Market analysts offer varied outlooks. “The dollar’s rally has room to run,” says a currency strategist at Deutsche Bank. “Geopolitical risks show no signs of abating, and US rates remain attractive.” However, some warn of overvaluation. “The DXY is trading above its fair value of 96,” argues an economist at Oxford Economics. “A correction is likely once risk sentiment improves.”

Historical data supports both views. The index often overshoots during crises before mean-reverting. Investors should prepare for both scenarios. Using stop-loss orders and hedging with options can mitigate downside risks.

Conclusion

The US Dollar Index holds gains near 98.50, underpinned by relentless safe-haven demand. This trend reflects deep-seated global anxieties and structural advantages of the US economy. While the dollar’s strength benefits some sectors, it poses challenges for emerging markets and multinational firms. Monitoring the DXY remains essential for navigating today’s complex financial landscape. As events unfold, the index will continue to serve as a critical gauge of market sentiment and economic stability.

FAQs

Q1: What is the US Dollar Index (DXY)?
The US Dollar Index measures the value of the US dollar against a basket of six major currencies: euro, yen, pound, Canadian dollar, Swedish krona, and Swiss franc. It provides a benchmark for dollar strength in global markets.

Q2: Why is the DXY near 98.50 considered significant?
A level near 98.50 indicates strong safe-haven demand. It suggests that investors are prioritizing dollar assets due to geopolitical or economic uncertainty, which can impact global trade and investment flows.

Q3: How does safe-haven demand affect the dollar?
During crises, investors sell riskier assets and buy dollars, pushing the DXY higher. This demand stems from the dollar’s liquidity, stability, and role as the world’s primary reserve currency.

Q4: What factors could reverse the dollar’s gains?
A reversal could occur if geopolitical tensions ease, the Federal Reserve cuts rates, or global economic growth improves.

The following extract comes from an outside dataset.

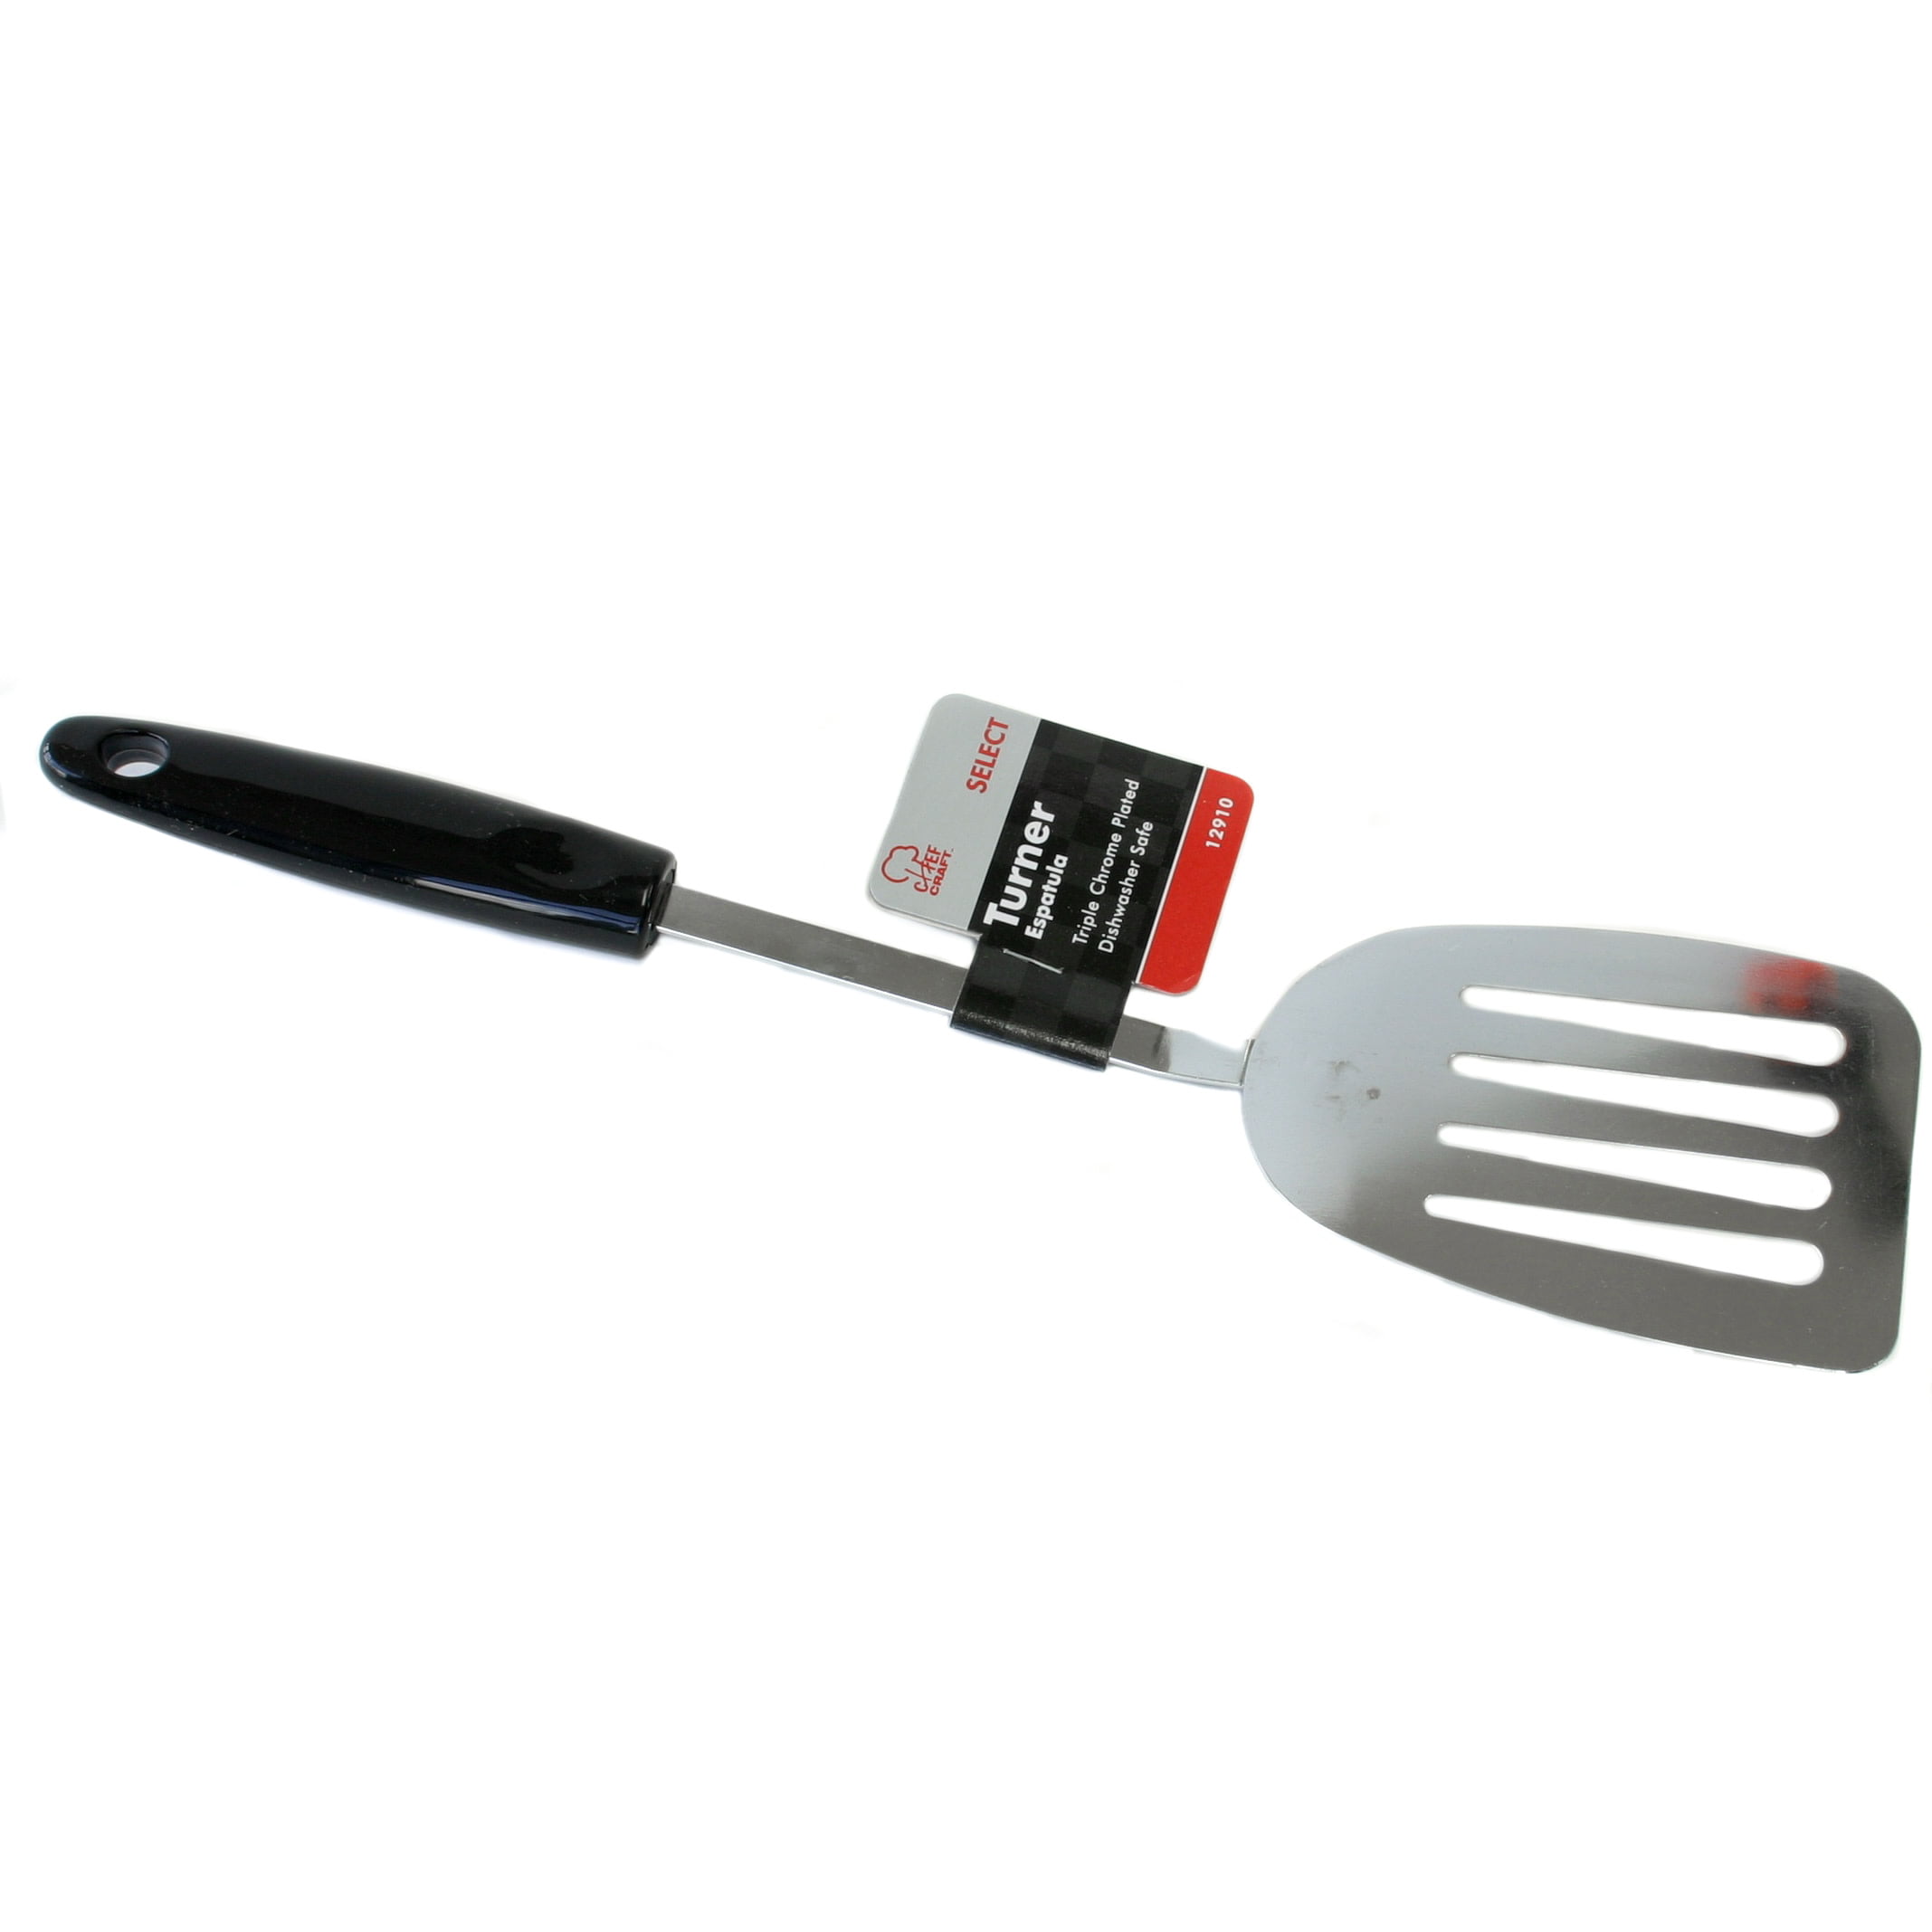  Chef Craft Select Kitchen Tool and Utensil Set, 8

Improved risk sentiment would likely reduce safe-haven flows into the dollar.

Q5: How can investors protect against dollar volatility?
Investors can hedge by diversifying into non-dollar assets like gold, commodities, or foreign stocks. Using currency futures, options, or ETFs also helps manage exposure to DXY fluctuations.

This post US Dollar Index Holds Gains Near 98.50 as Safe-Haven Demand Surges Amid Global Turmoil first appeared on BitcoinWorld.